Stronger Bones and Better Health: The Power of Protein, Coffee, and Tea
Source: J Clinical Nutrition (2022)
Lifestyle Medicine Update (November 15, 2022)
Introduction:
A recent study, published in the Journal of Nutrition in December 2022, has uncovered an essential formula for healthier bones, especially for women as they age. This comprehensive research, known as The UK Women’s Cohort Study, which followed over 26,000 women aged 35 to 69 for a significant 22.3 years, provides valuable insights into bolstering bone health and reducing the risk of hip fractures.
Protein: The Bone’s Best Friend
The study’s findings are clear: women should consider increasing their daily protein intake by an extra 25 grams to fortify their bones and lower the risk of hip fractures. Throughout the 22-year study period, women who added this additional protein to their daily diet exhibited a remarkable 14% reduction in the risk of hip fractures.
It’s a well-known fact that many women, especially as they grow older, fall short of the recommended daily protein intake. The current Recommended Dietary Allowance (RDA) for protein is set at 0.8 grams per kilogram of body weight. However, numerous experts believe that this level is somewhat conservative. Many advocate for a protein intake of at least one gram for every kilogram of body weight, ensuring optimal bone density, muscle tissue preservation, robust immune system function (since antibodies are made of protein), and more. Unfortunately, most women do not meet these protein intake recommendations.

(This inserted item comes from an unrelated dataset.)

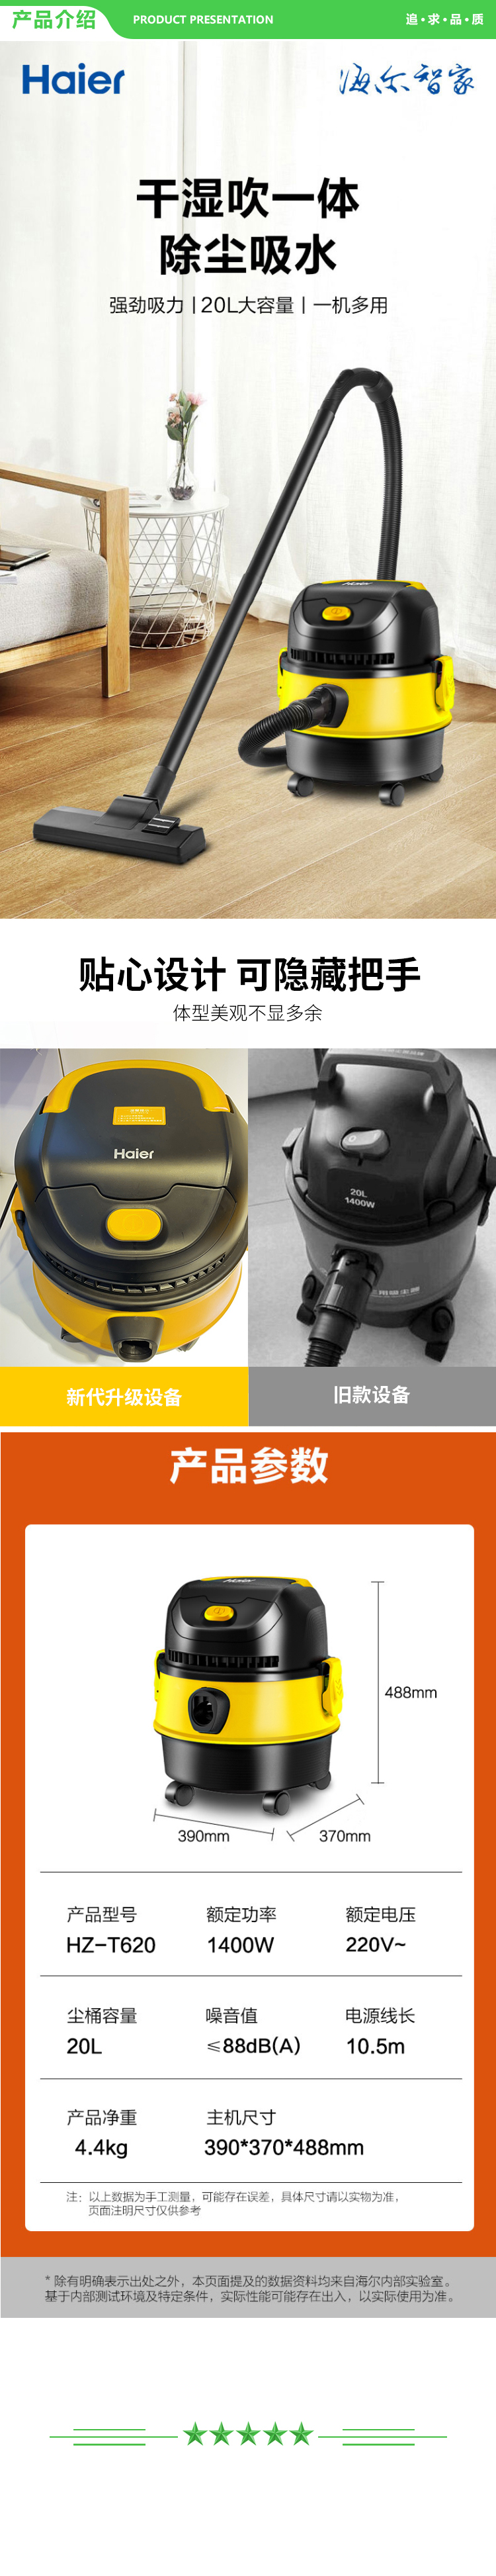 海尔 Haier HZ-T620  桶式20L大容量干湿吹家用工业商用强劲大功率多重降噪吸尘器 18KPA大吸力吸尘机 .jpg
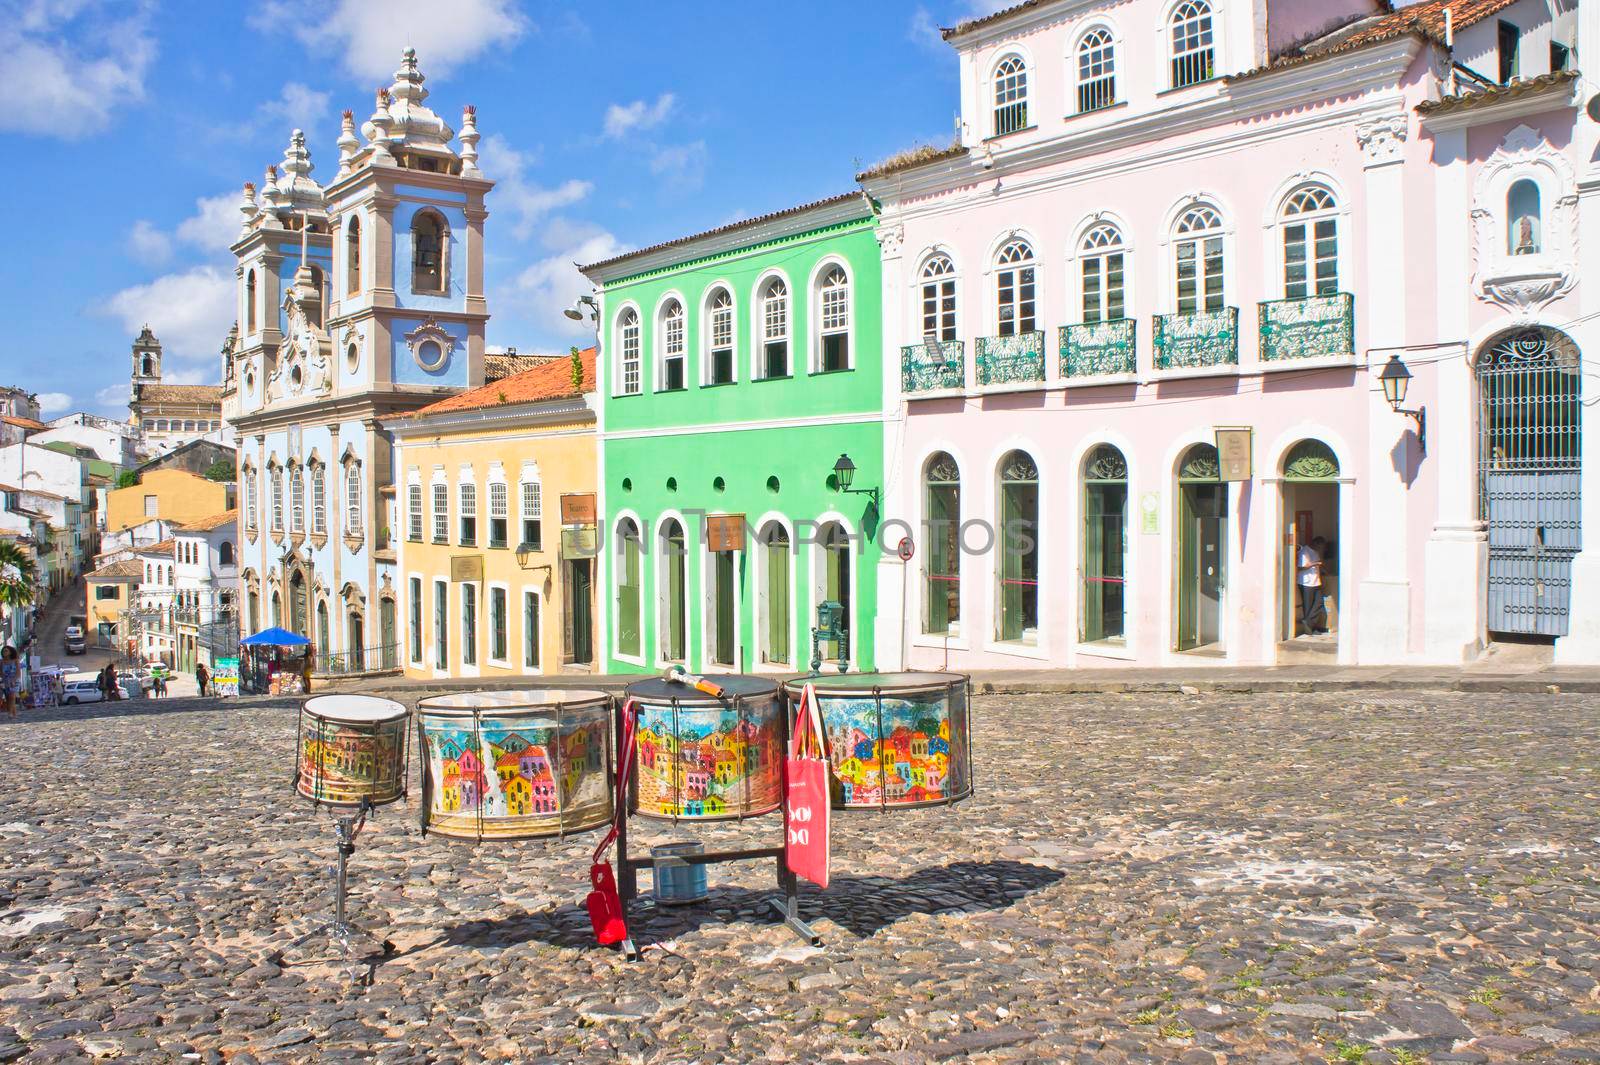 Salvador de Bahia, Pelourinho carnaval view with colorful buildings, Brazil, South America

But there’s good news – it’s easier than you might think to incorporate this extra 25 grams of protein into your daily routine. One delicious option is a whey protein shake, which can be enjoyed four to five times a week. Whey protein boasts a high biological value, making it highly effective for supporting muscle and bone protein synthesis, as well as immune function.
In addition, there are several protein-rich, low-fat, and low-cholesterol foods you can turn to. A single serving of chicken or turkey breast contains approximately 25 grams of protein. Alternatively, you could opt for three to four egg whites or indulge in 10 to 12 ounces of non-fat Greek yogurt. A 3.5-ounce salmon steak also delivers the same protein punch, with the added bonus of healthy omega-3 fats. If you’re following a plant-based diet or simply looking to incorporate more plant-based options, 100 grams of tofu provides 17 grams of protein. Tofu is an excellent choice for vegans and those striving for a more plant-based lifestyle.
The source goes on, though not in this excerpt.